Они были возле дома Фукса. Мерзлая земля звенела под ногами. Пошел мелкий снег.

— Часто я в Остраве думала: неужели все, что мы сейчас затеваем, напрасно? Ведь надежды так мало, в сущности — никакой. И не лучше ли было просто написать им о нашем браке?.. Но нет, так лучше. Надо расстаться. Полагаются похороны. Только б они не были слишком шумные.

Они шли мимо ворот Каца. Смеркалось. И если Ганеле думала, представляя себе этот момент, что у нее будет колотиться сердце, — она ошиблась. Она даже не обратила внимания, где они.

Вот они подошли к дому Шафара. Большому, обветшалому, вырисовывающемуся в вечерних сумерках среди снегопада. Дедушкин дом!

Она не сказала ему об этом, даже когда они оказались перед самым домом. Только остановилась и судорожно сжала его руку.

— Любимый мой, не оставляй меня!

Не по ее спокойному голосу, а по нежному слову, с которым она впервые обратилась к нему, он понял всю ее тоску. А она уже взбежала на галерею по трем старым мельничным жерновам, служившим ступеньками, и решительно открыла дверь на кухню.

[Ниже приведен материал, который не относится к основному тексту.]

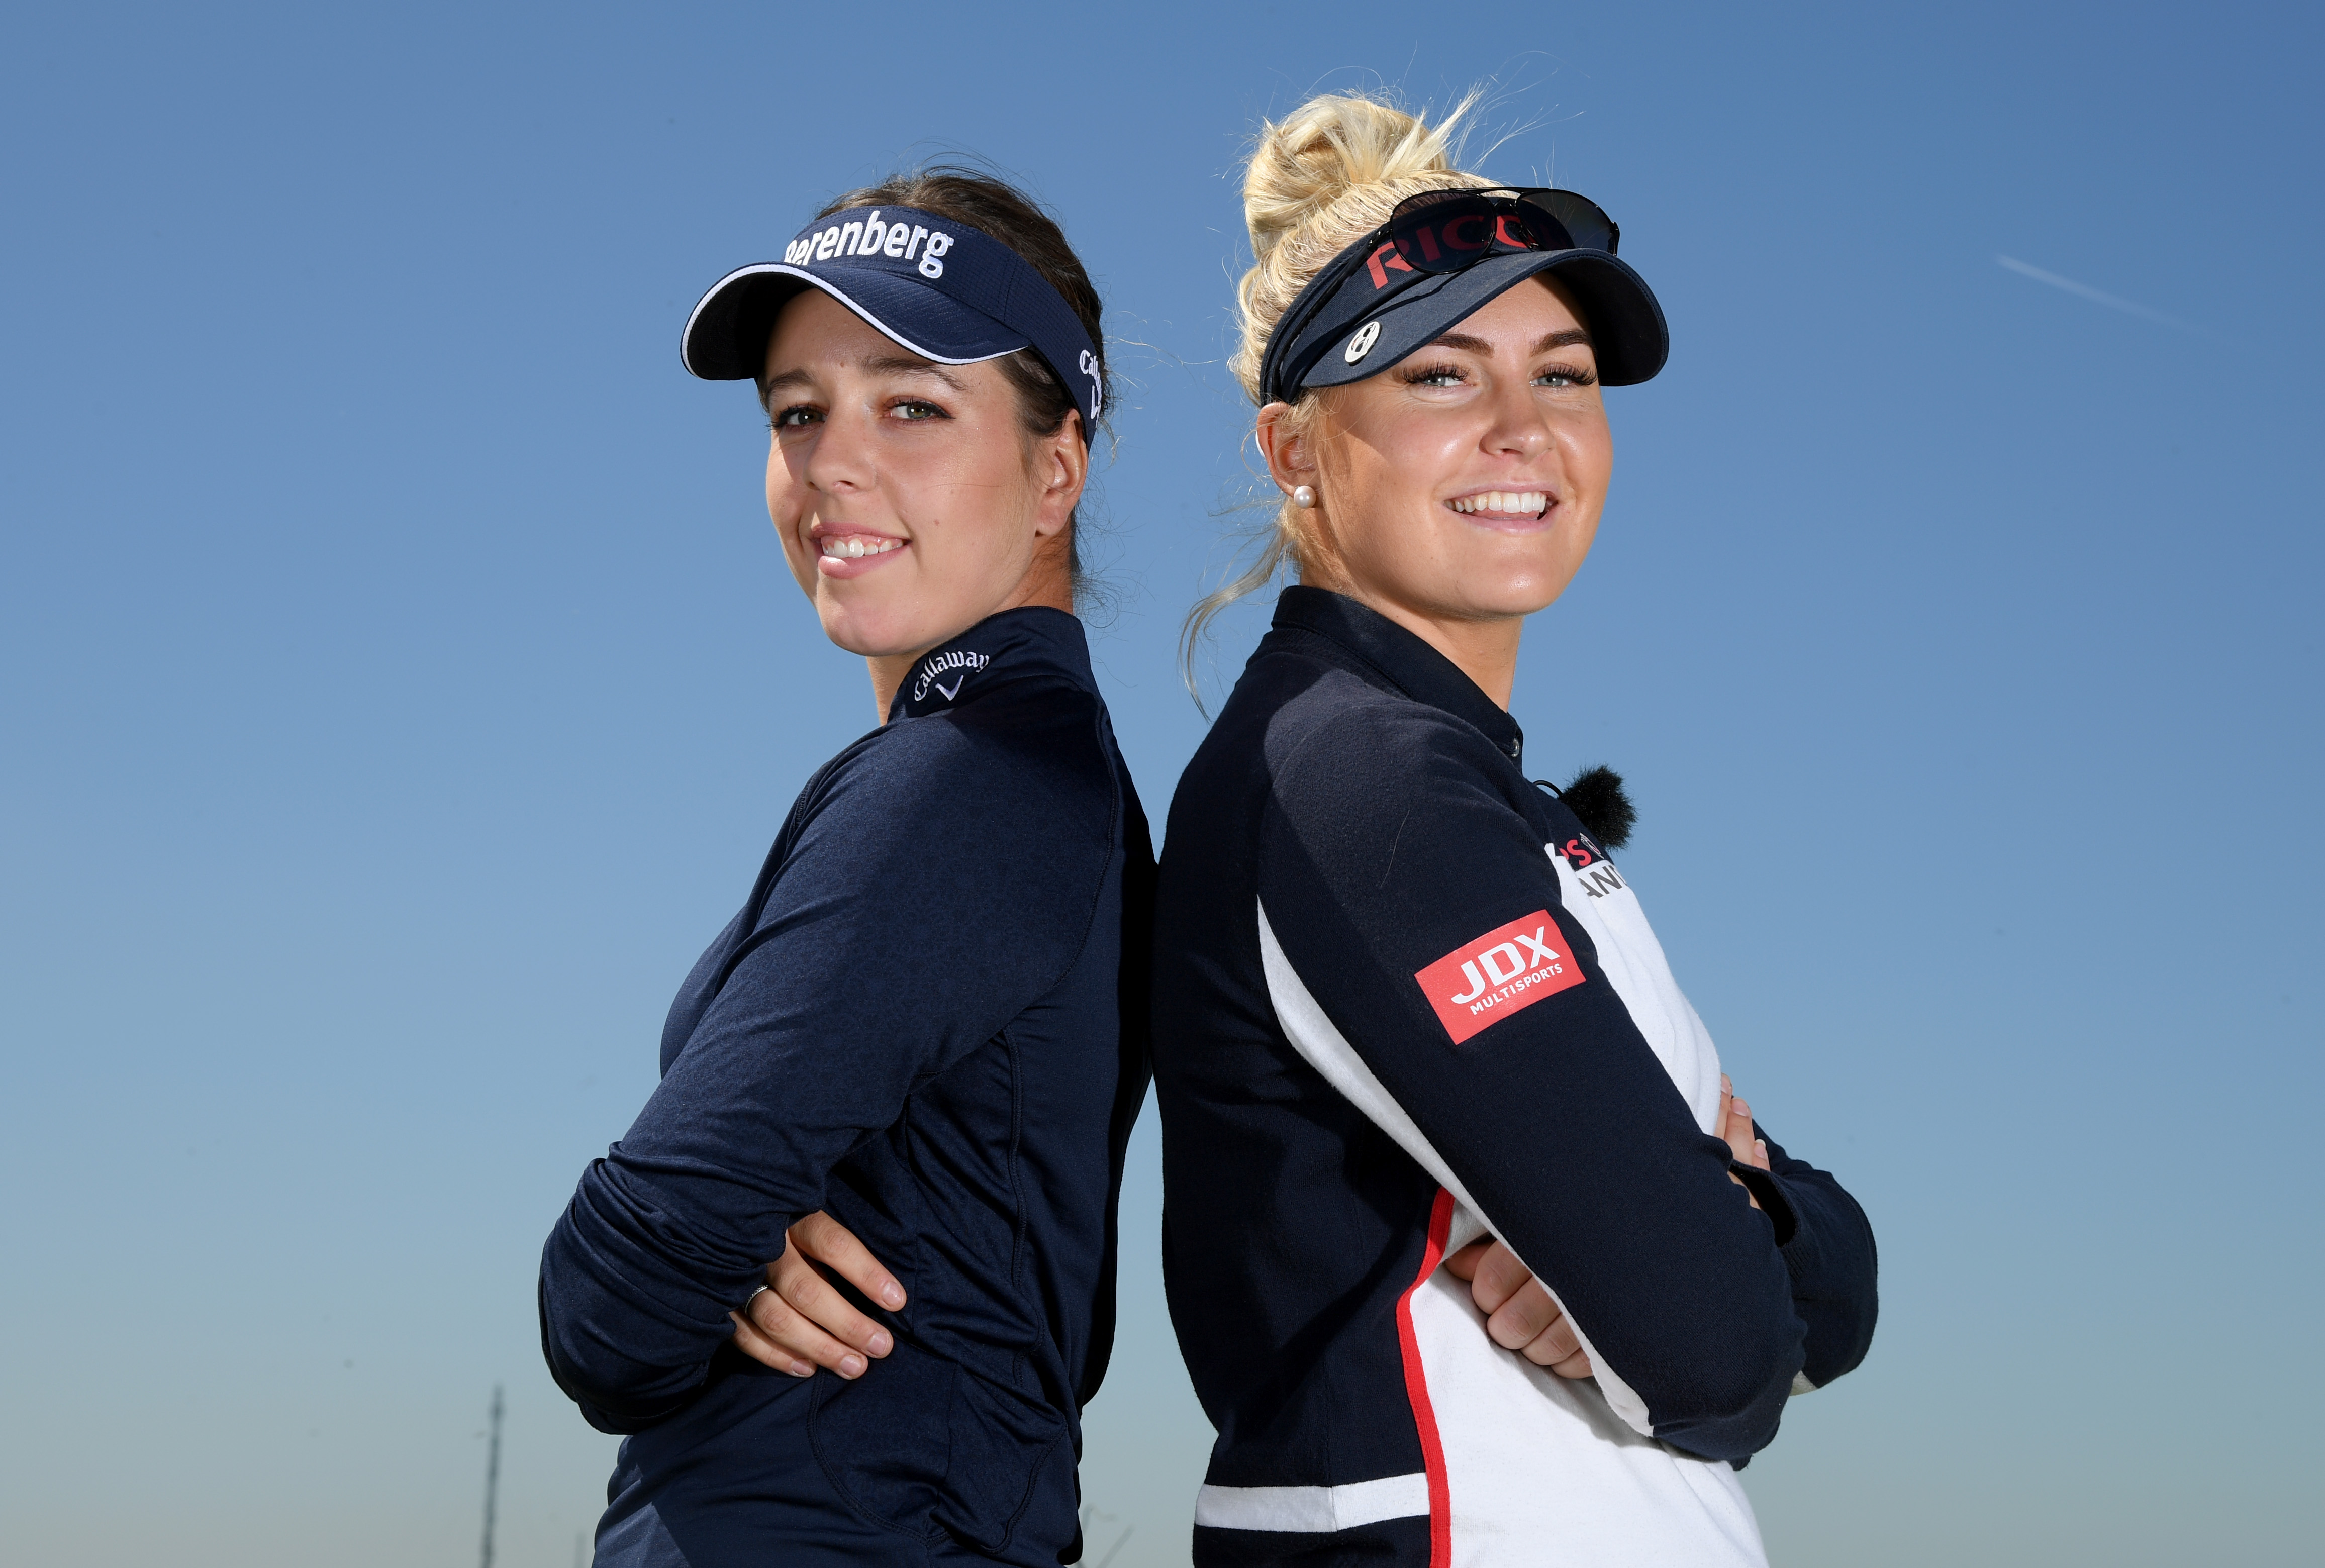 England Women and European Women advance to final day of GolfSixes

Иво Караджич вошел вслед за нею. Шагнул в темноту и не увидал ничего, кроме отблесков огня на печной дверце. Но Ганеле подошла к какой-то неясной тени.

— Это я, мамочка! — и слилась с ней, видимо, в объятии.

— Отец, отец! — радостно закричала мать.

— Это господин Караджич, — представила Ганеле.

Откуда-то появился отец. По тому, как он поднял руку, было видно, что он растерян. Мамочка старалась засветить керосиновую лампу зажженной от печки лучиной. Но у нее дрожали руки, и это никак не выходило. В конце концов лампу зажгла Ганеле, и желтый огонек в сумерках угасающего дня напомнил ей то раннее утро, когда она три месяца тому назад уезжала отсюда. Как только загорелся свет, отец и мать повернулись к гостю.

Материнские глаза сияли, губы приветливо улыбались.

Но отцовские так и впились в глаза жениху дочери. Однако и отцовское лицо стало понемногу проясняться: все больше и больше. Вот губы и глаза улыбнулись. Ого, огромный нос, какого в Подкарпатской Руси никто еще не видел! И красивые миндалевидные глаза под черными, как уголь, бровями! И красивая форма рта! И эти щеки, только полдня небритые, а уже черные, как у нахамкесова ученика! С сердца у Иосифа Шафара будто камень свалился, — нет, целые оползни, каменные глыбы, и оно лежало освобожденное, раскрытое, теплое, трепещущее. И Иосиф Шафар протянул это сердце на ладонях Иво Караджичу.

— Милости просим!

С сияющей улыбкой он обеими руками пожал руку гостю.

— Милости просим! Милости просим, господин Караджич. — И страшное имя, причинившее ему столько тревог, вдруг зазвучало знакомо и приятно. «Дурак этот Пинхес! Дурак! И умная у меня жена!»

Он радостно обернулся к ней. И они, понимая друг друга, обменялись улыбкой.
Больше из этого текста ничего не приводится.